----- Data under study

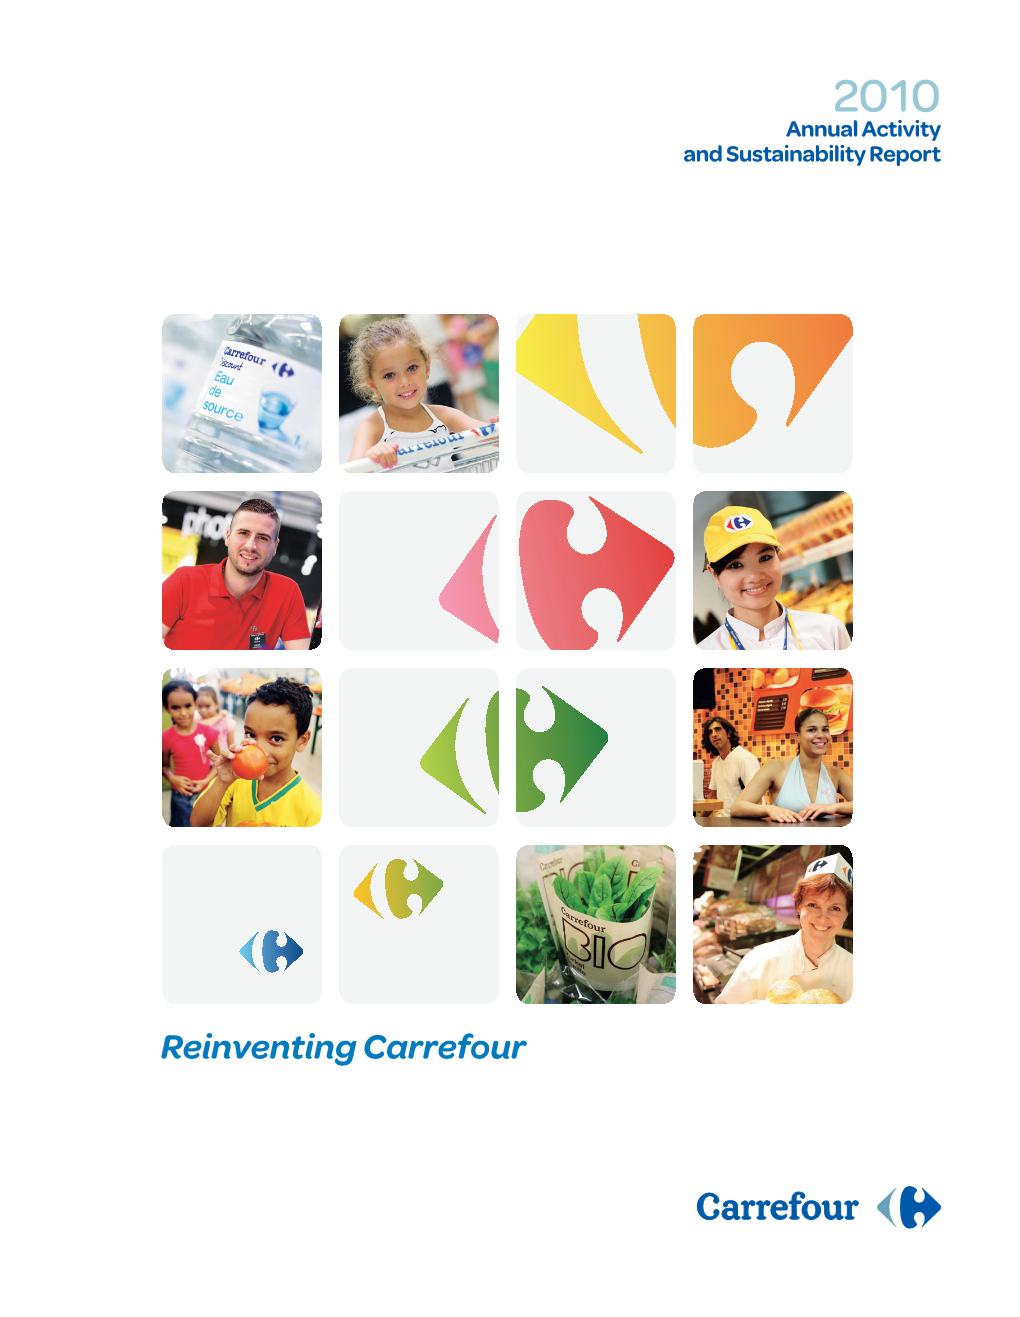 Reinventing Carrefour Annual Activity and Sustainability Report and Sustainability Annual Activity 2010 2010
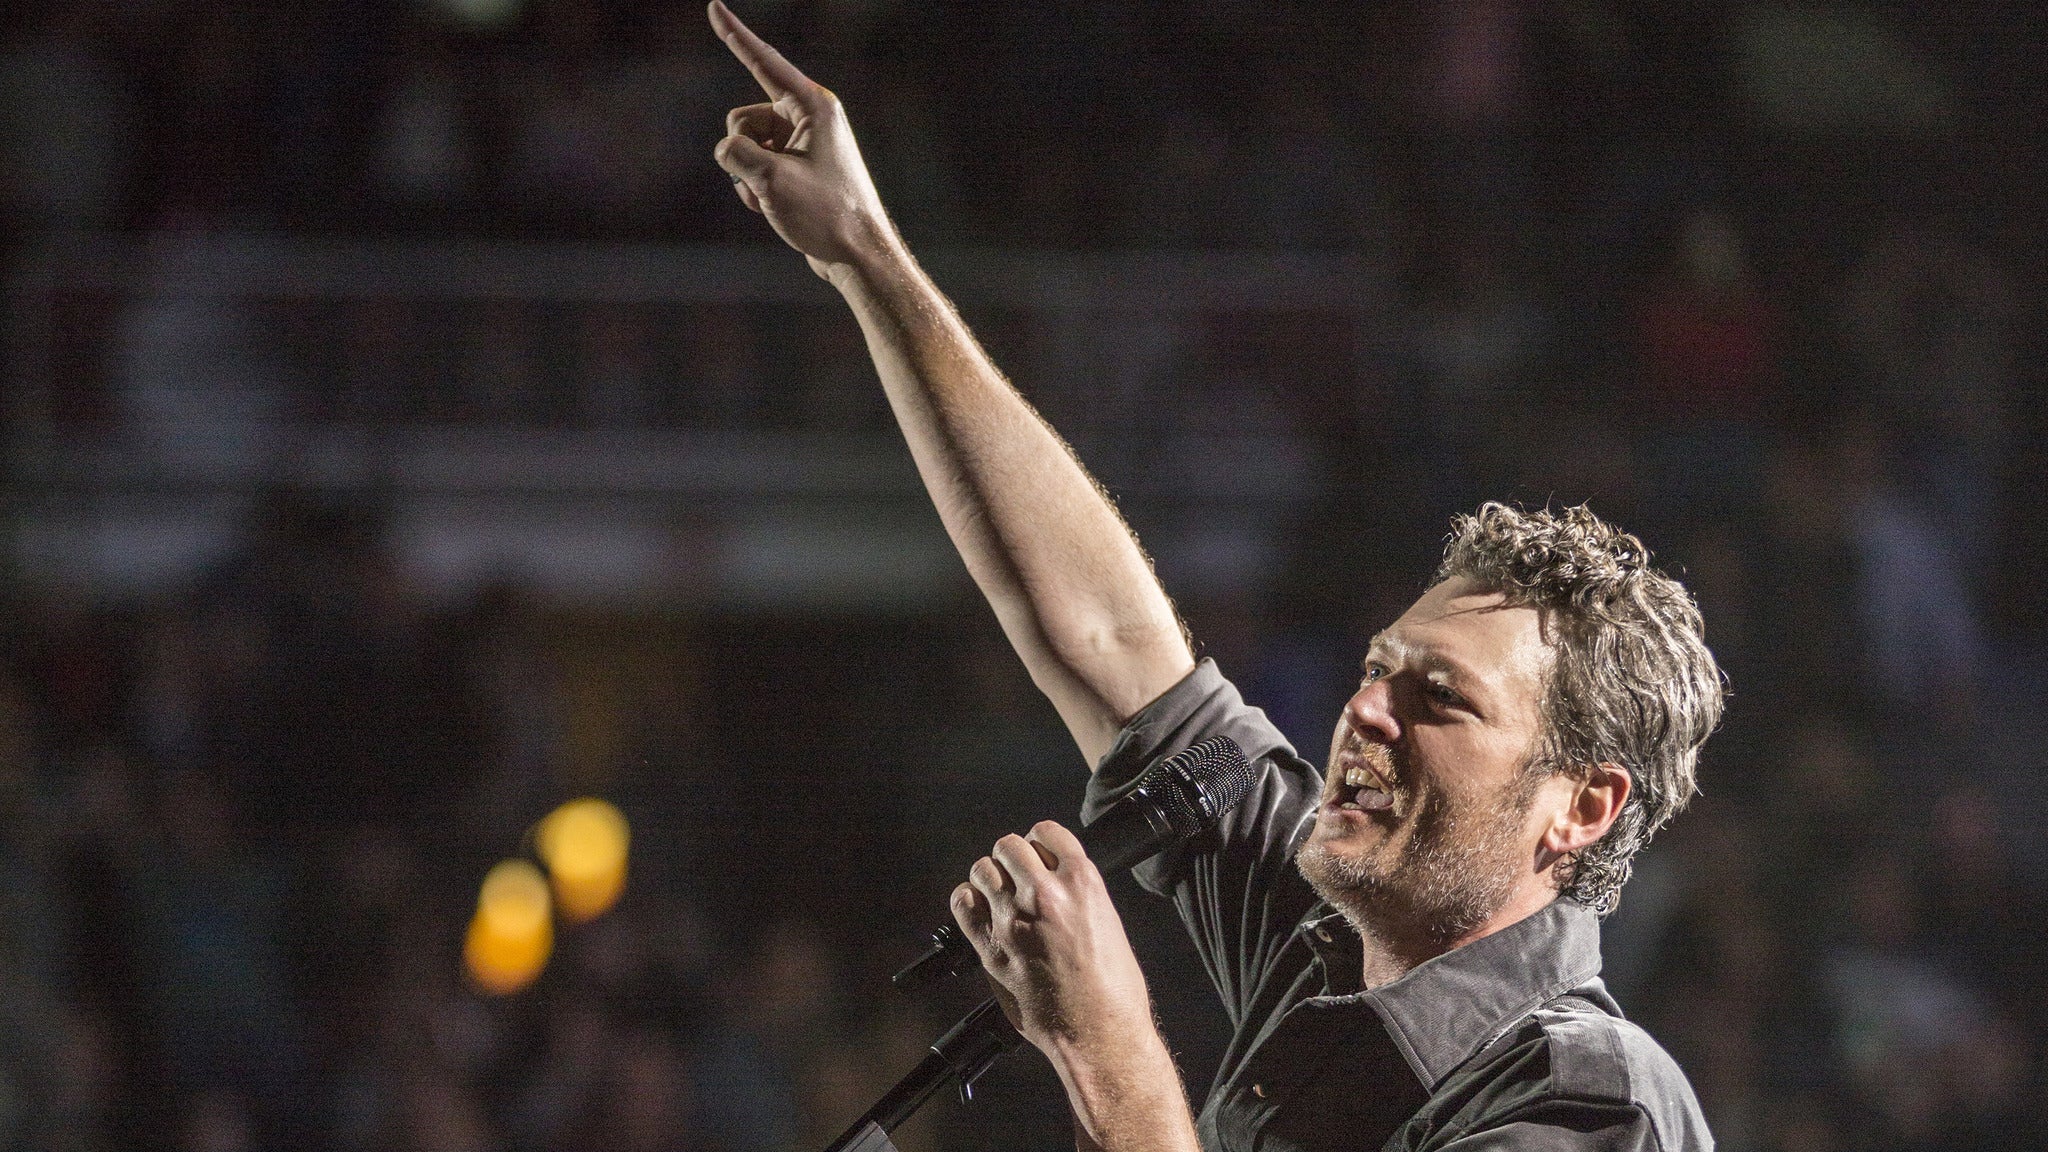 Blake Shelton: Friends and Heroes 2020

----------
----- Data under study

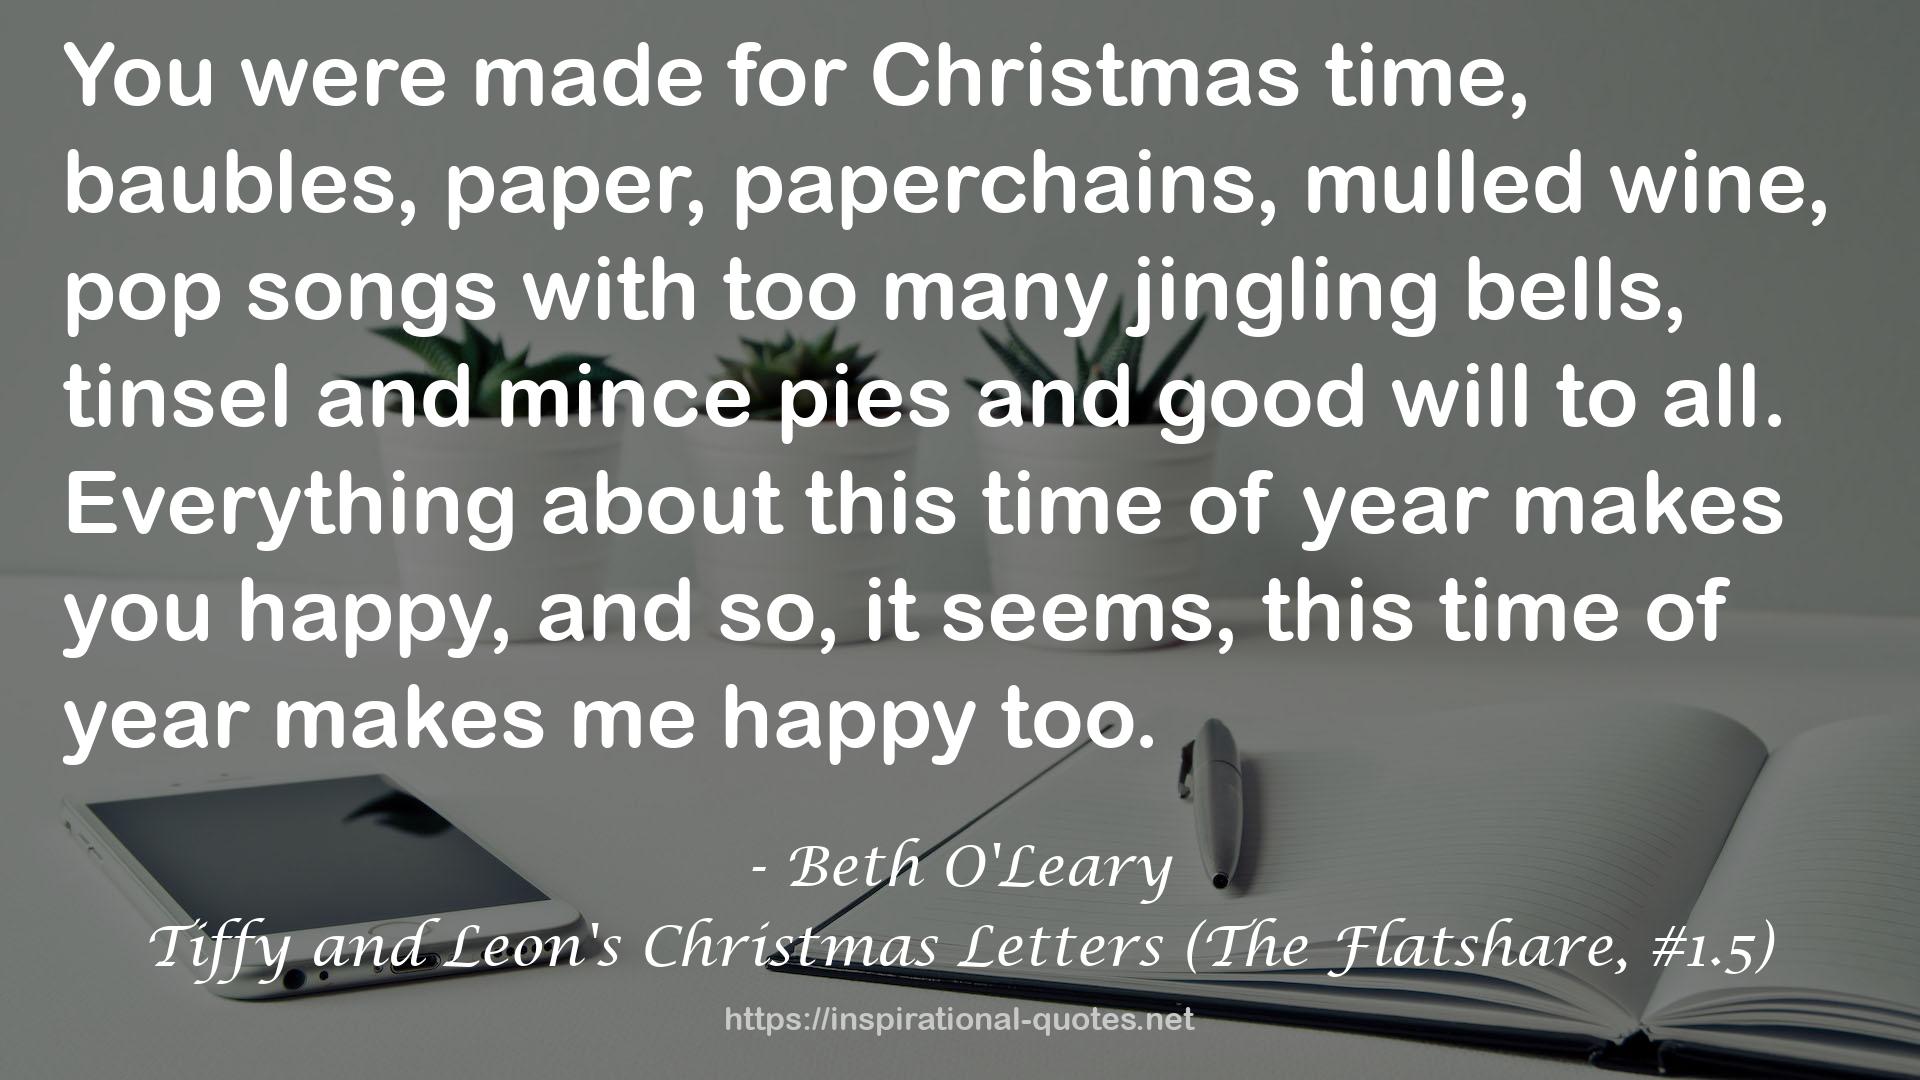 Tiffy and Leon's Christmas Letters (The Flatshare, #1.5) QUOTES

----------
----- Data under study

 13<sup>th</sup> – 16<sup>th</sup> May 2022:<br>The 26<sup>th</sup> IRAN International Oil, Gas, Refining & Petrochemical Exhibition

----------

* **The problem**: Using the data above, transcribe exactly the lines between those containing "Reinventing Carrefour Annual" and "Blake Shelton: Friends and Heroes 2020", inclusive, and leave every picture behind.

* **Solution to the problem**:
 Reinventing Carrefour Annual Activity and Sustainability Report and Sustainability Annual Activity 2010 2010
 Blake Shelton: Friends and Heroes 2020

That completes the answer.